Bruce Lehrmann has launched a dramatic bid to have his long-running legal battle heard by the High Court of Australia, alleging that a judge's independent research fatally compromised civil findings that he raped fellow staffer Brittany Higgins.
Allegations of Judicial Overreach
In an application for special leave filed in January 2026, Lehrmann's legal team argues that Federal Court Justice Michael Lee conducted his own research, thereby undermining the impartial exercise of judicial power. The application claims the judge obtained extraneous material, including academic papers on rape myths and tonic immobility, which were not presented during the trial.
The document states that "the full court erred in not holding that the primary judge's findings were compromised" and subsequently used these findings to make its own determinations. This, Lehrmann's lawyers argue, means the effect of subconscious influence on the verdict cannot be dispelled.
A Legal Saga's Third Act
This marks Lehrmann's third major court action. He initially sued Network Ten and journalist Lisa Wilkinson for defamation over a 2021 episode of The Project that aired Higgins's allegations. In April 2024, Justice Lee dismissed that lawsuit, famously labelling it an "omnishambles," but crucially found on the balance of probabilities that Lehrmann had raped Higgins in a Parliament House office in 2019.
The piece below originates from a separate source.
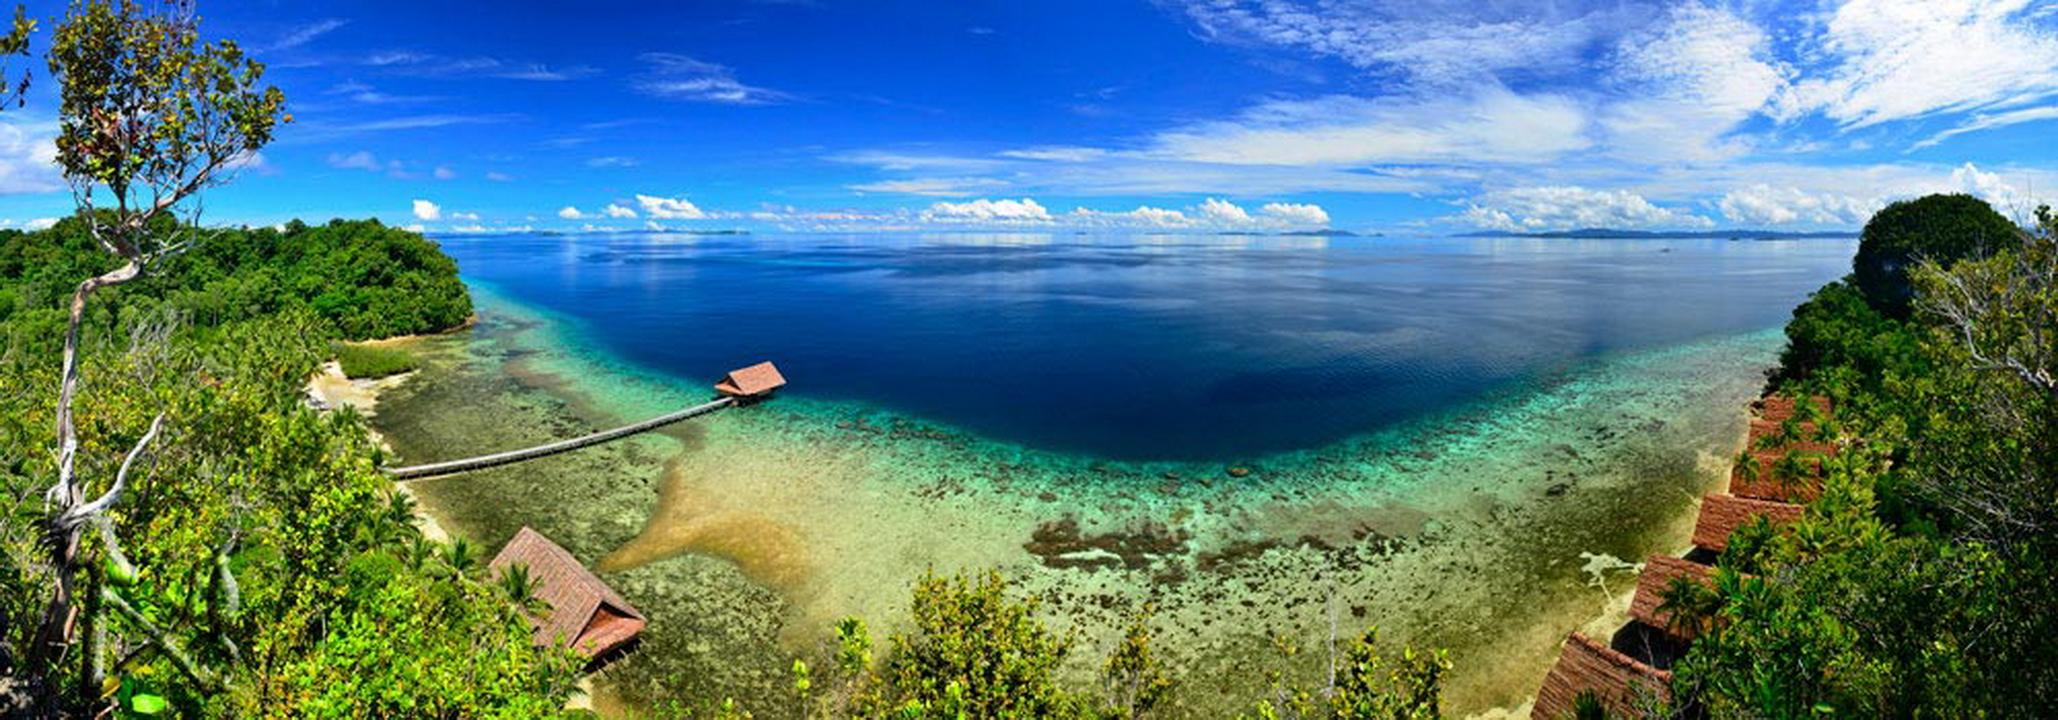 Raja 4 divers resort - Dive resort raja ampat ...

That finding was upheld on appeal by the Full Federal Court in December 2025. The full court went further than Justice Lee, finding Lehrmann had "actual knowledge" that Higgins did not consent, rather than merely being reckless to her consent. Lehrmann's new High Court application also targets this specific finding, arguing "the available evidence was such that no finding could be made one way or the other."
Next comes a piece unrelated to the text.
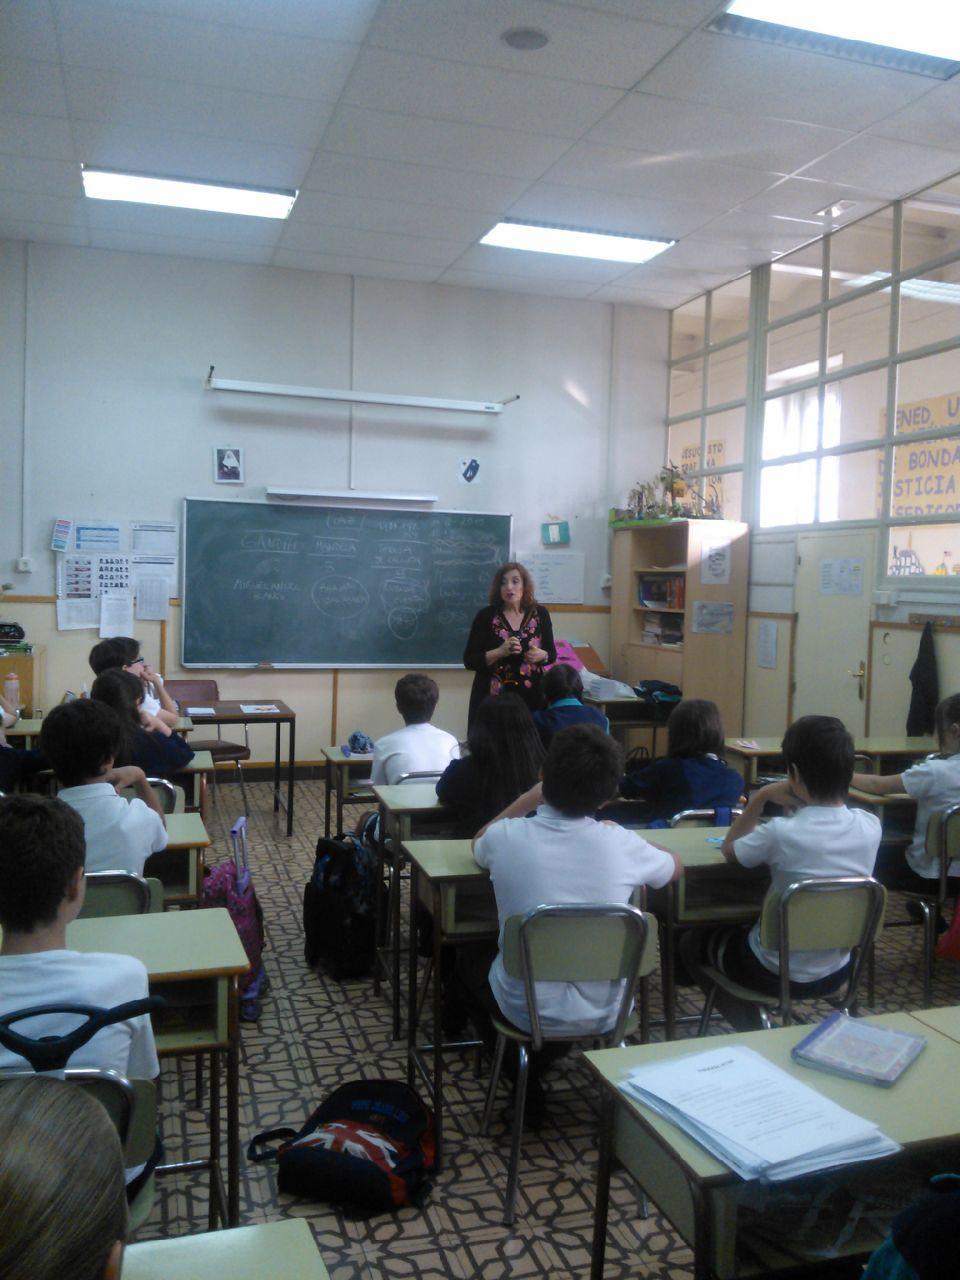 Alumnos del colegio Santa Isabel Asunción de Madrid conocieron más de cerca a Miguel Ángel Blanco y a todas las víctimas del terrorismo, gracias a la charla que impartió Cristina Cuesta, directora de la FMAB

Stakes Could Not Be Higher
The High Court must first grant special leave for a full hearing. Lehrmann seeks to have the decisions of both Justice Lee and the Full Federal Court set aside, which would allow him to pursue damages for defamation. Alternatively, he wants the case reheard by different judges.
The financial stakes are immense. If his High Court bid fails, Lehrmann could be forced into bankruptcy due to existing court orders that he pay a $2 million legal bill to Network Ten. His lawyers have previously told a court that the OnlyFans platform was his only "shot at making money."
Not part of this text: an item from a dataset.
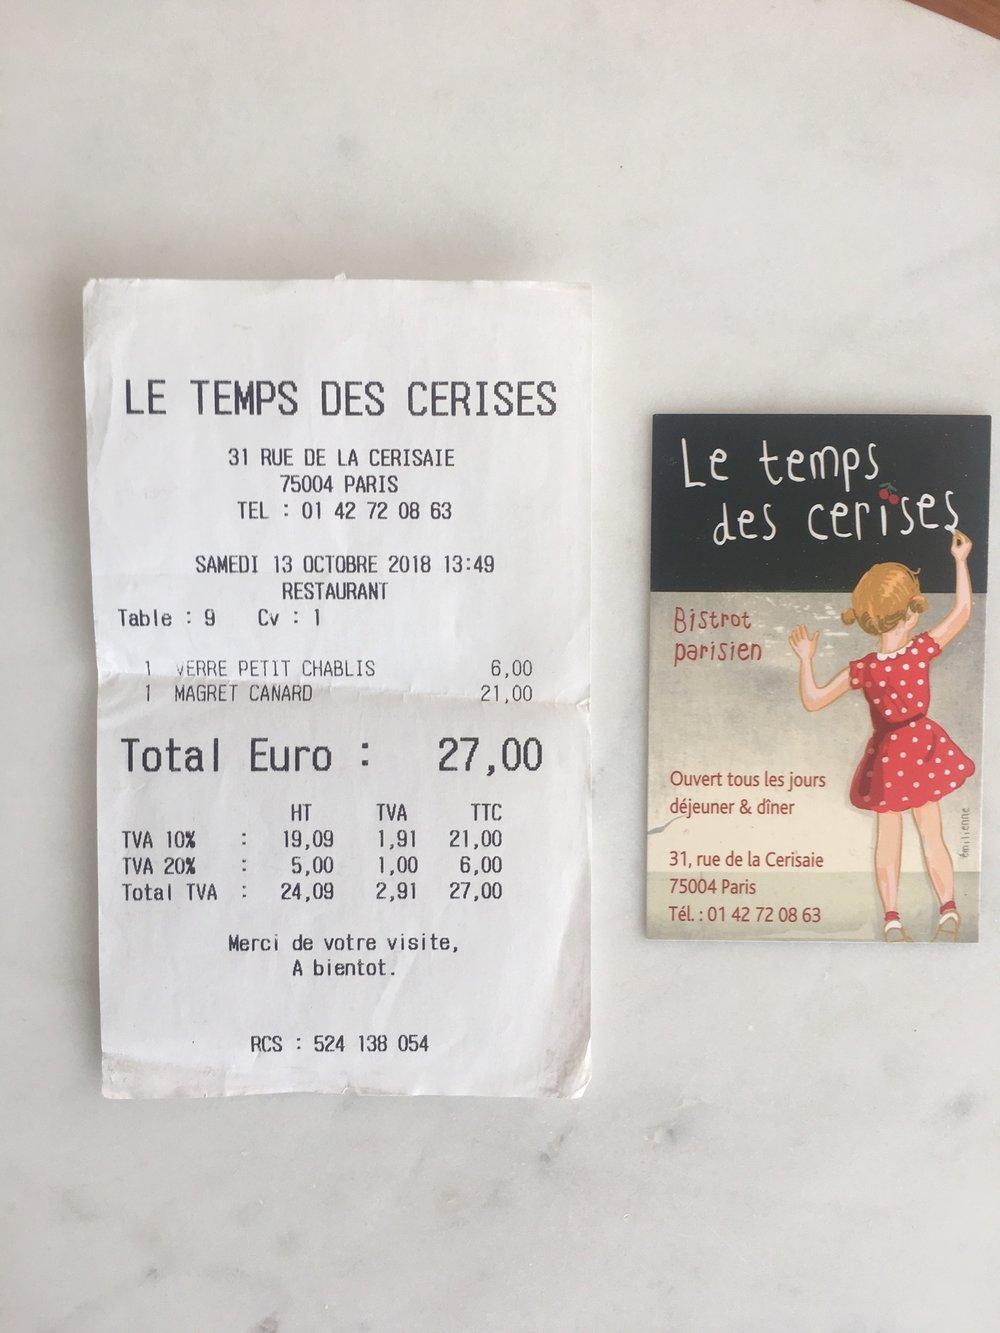 le temps des cerises bistro parisien paris france

Lehrmann has consistently denied sexually assaulting Brittany Higgins. No criminal convictions have been made against him, following the abandonment of his 2022 criminal trial due to juror misconduct.
The case continues to cast a long shadow over Australian politics and media law, with the High Court now asked to rule on the boundaries of judicial research and the defence of substantial truth in defamation.